Table_1_Mesenchymal Stem Cells Shift Mitochondrial Dynamics and Enhance Oxidative Phosphorylation in Recipient Cells.DOCX

Mesenchymal stem cells (MSCs) are the most commonly used cells in tissue engineering and regenerative medicine. MSCs can promote host tissue repair through several different mechanisms including donor cell engraftment, release of cell signaling factors, and the transfer of healthy organelles to the host. In the present study, we examine the specific impacts of MSCs on mitochondrial morphology and function in host tissues.
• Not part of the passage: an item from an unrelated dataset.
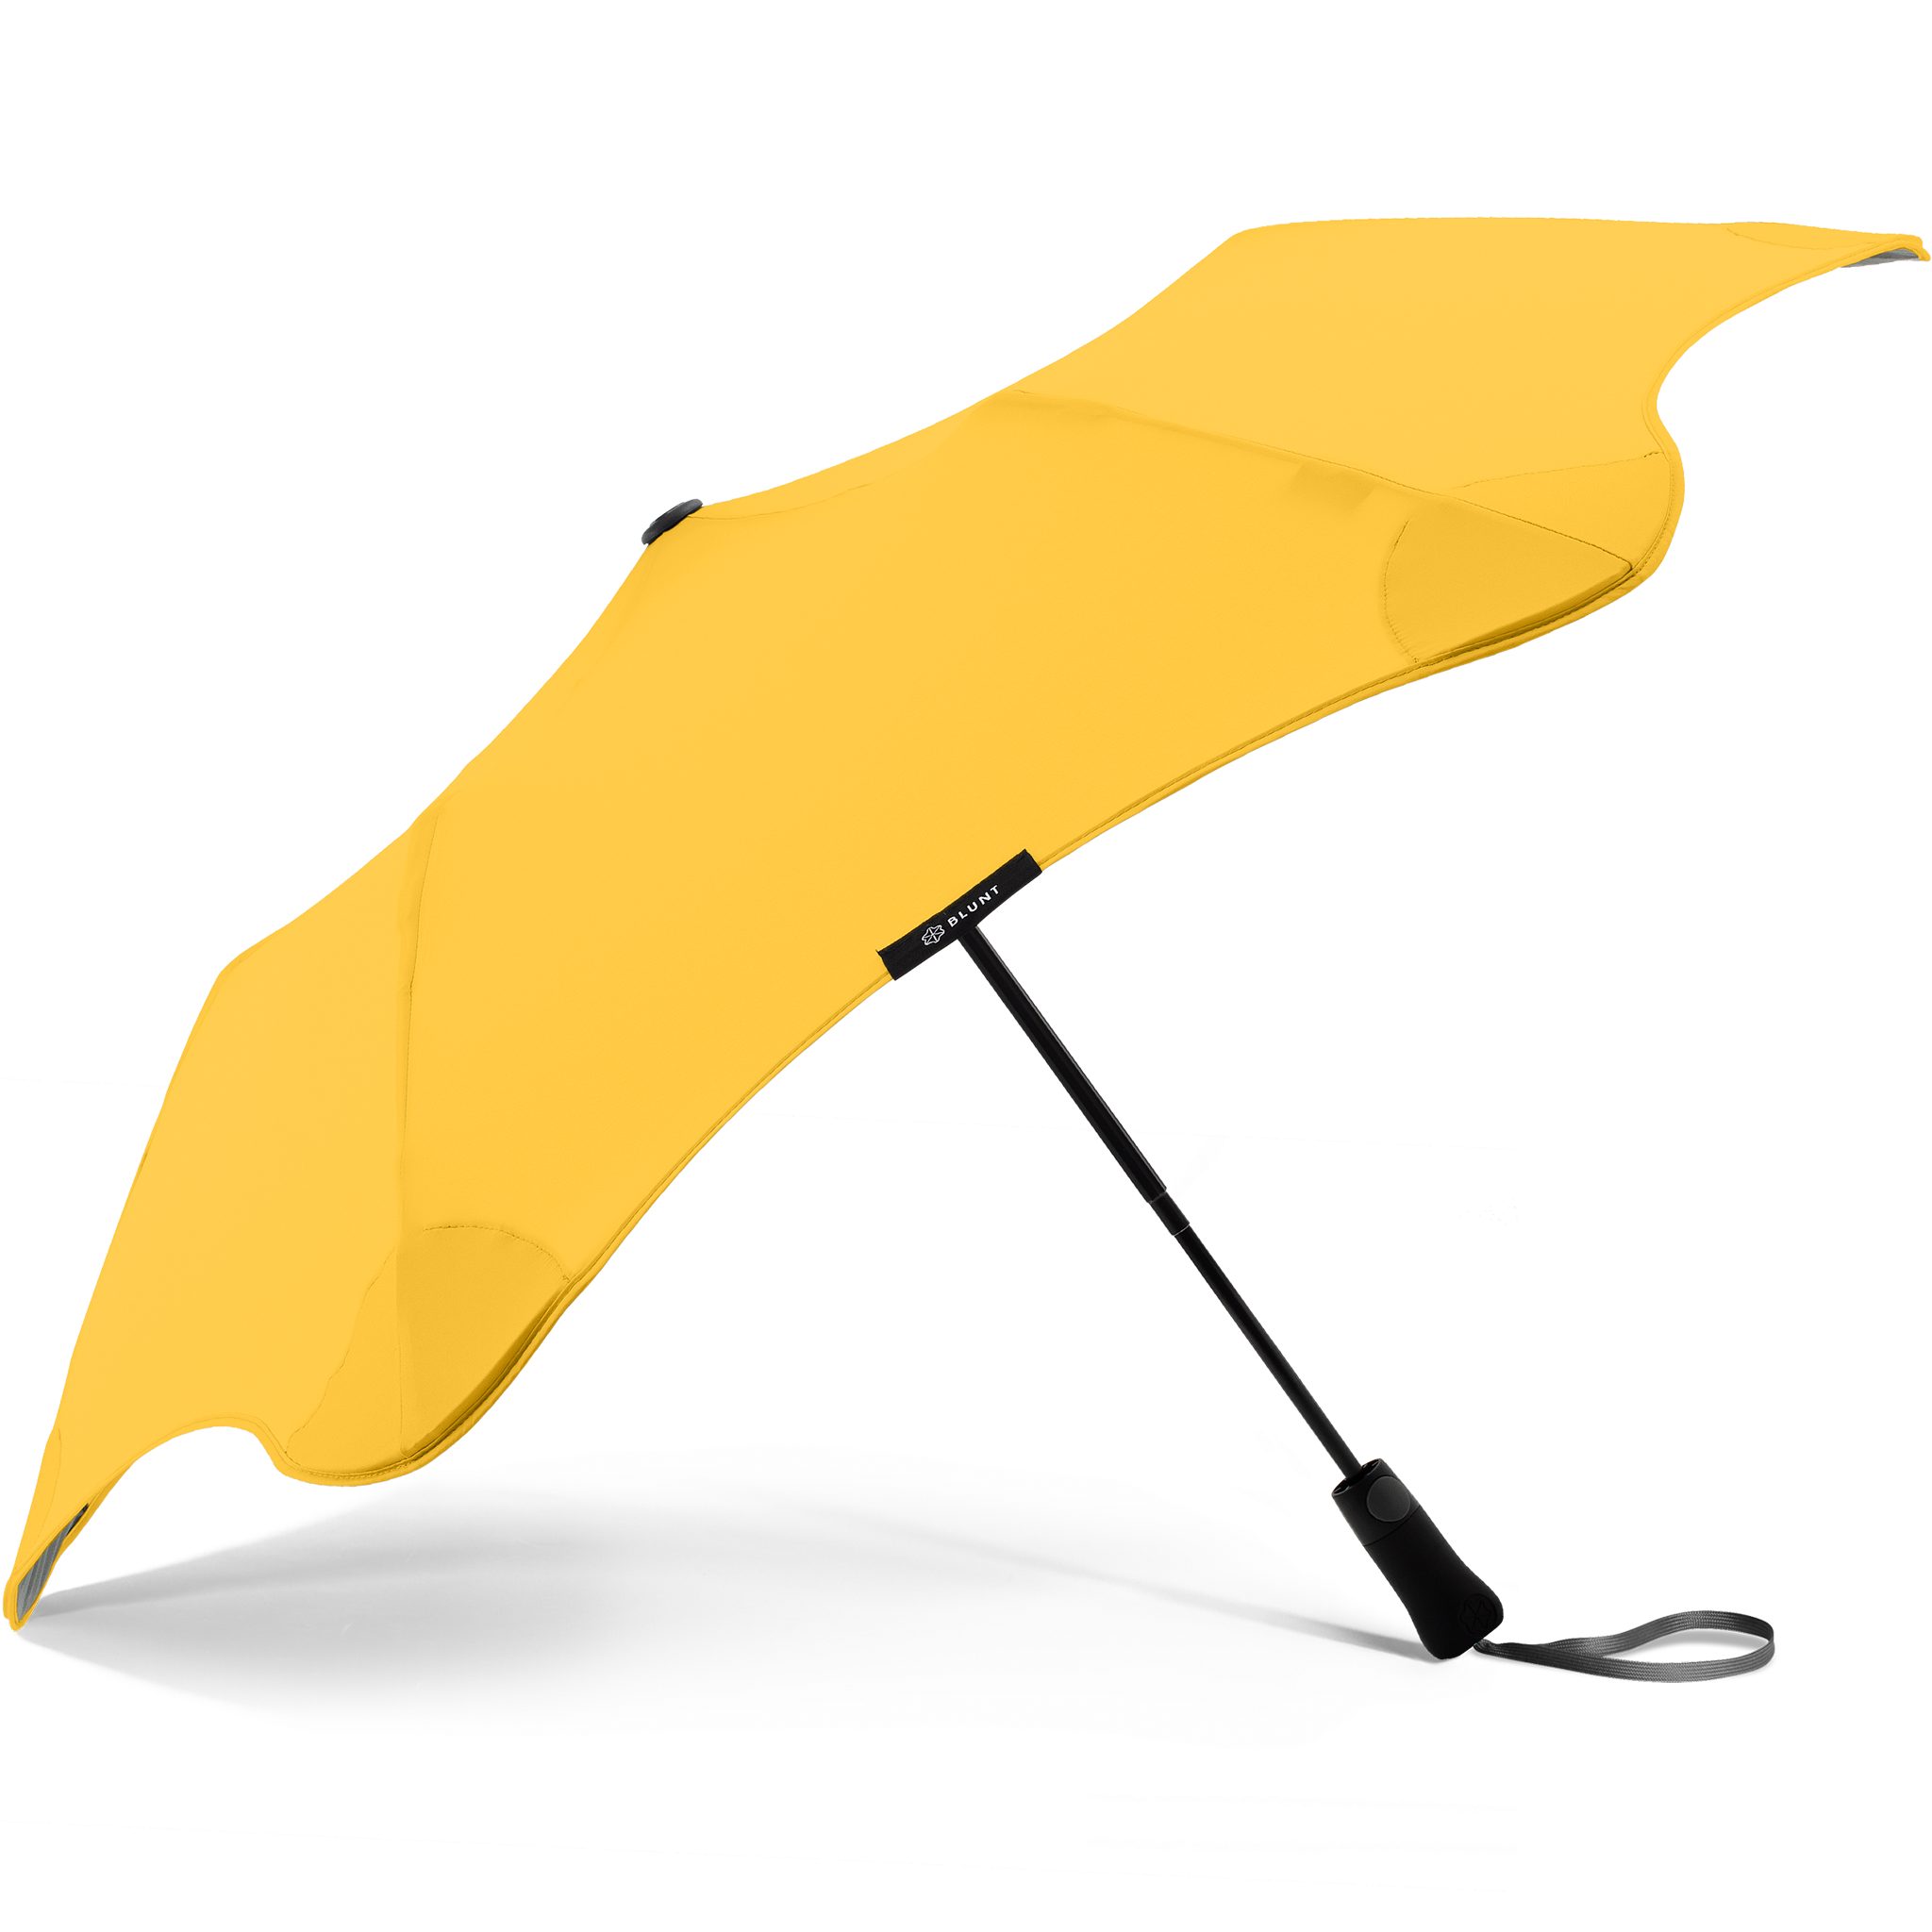 Blunt Taschenregenschirm Metro, herausragende patentierte Technologie, einzigartige Silhouette gelb

Employing in vitro cell culture of inherited mitochondrial disease and an in vivo animal experimental model of low-grade inflammation (high fat feeding), we show human-derived MSCs to alter mitochondrial function. MSC co-culture with skin fibroblasts from mitochondrial disease patients rescued aberrant mitochondrial morphology from a fission state to a more fused appearance indicating an effect of MSC co-culture on host cell mitochondrial network formation. In vivo experiments confirmed mitochondrial abundance and mitochondrial oxygen consumption rates were elevated in host tissues following MSC treatment. Furthermore, microarray profiling identified 226 genes with differential expression in the liver of animals treated with MSC, with cellular signaling, and actin cytoskeleton regulation as key upregulated processes. Collectively, our data indicate that MSC therapy rescues impaired mitochondrial morphology, enhances host metabolic capacity, and induces widespread host gene shifting. These results highlight the potential of MSCs to modulate mitochondria in both inherited and pathological disease states.

间充质干细胞（MSCs）是组织工程和再生医学中最常用的细胞。MSCs能够通过多种机制促进宿主组织修复，包括供体细胞定植、细胞信号因子的释放以及健康细胞器的转移至宿主。在本研究中，我们探讨了MSCs对宿主组织中线粒体形态和功能的特异性影响。通过采用遗传性线粒体疾病体外细胞培养和低级炎症（高脂肪饮食）的体内动物实验模型，我们发现人源MSCs能够改变线粒体功能。与线粒体疾病患者皮肤成纤维细胞的共培养，MSCs能够将异常线粒体形态从分裂状态挽救为更为融合的形态，这表明MSCs共培养对宿主细胞线粒体网络形成具有影响。体内实验证实，MSCs治疗后宿主组织中的线粒体数量和线粒体氧气消耗速率均有所升高。此外，基因芯片分析鉴定出226个在MSCs治疗的动物肝脏中差异表达的基因，其中细胞信号传导和肌动蛋白细胞骨架调控作为关键的上调过程。综上所述，我们的数据表明MSCs疗法能够挽救受损的线粒体形态，增强宿主代谢能力，并诱导宿主基因的广泛转移。这些结果突出了MSCs在遗传性和病理性疾病状态下调节线粒体的潜力。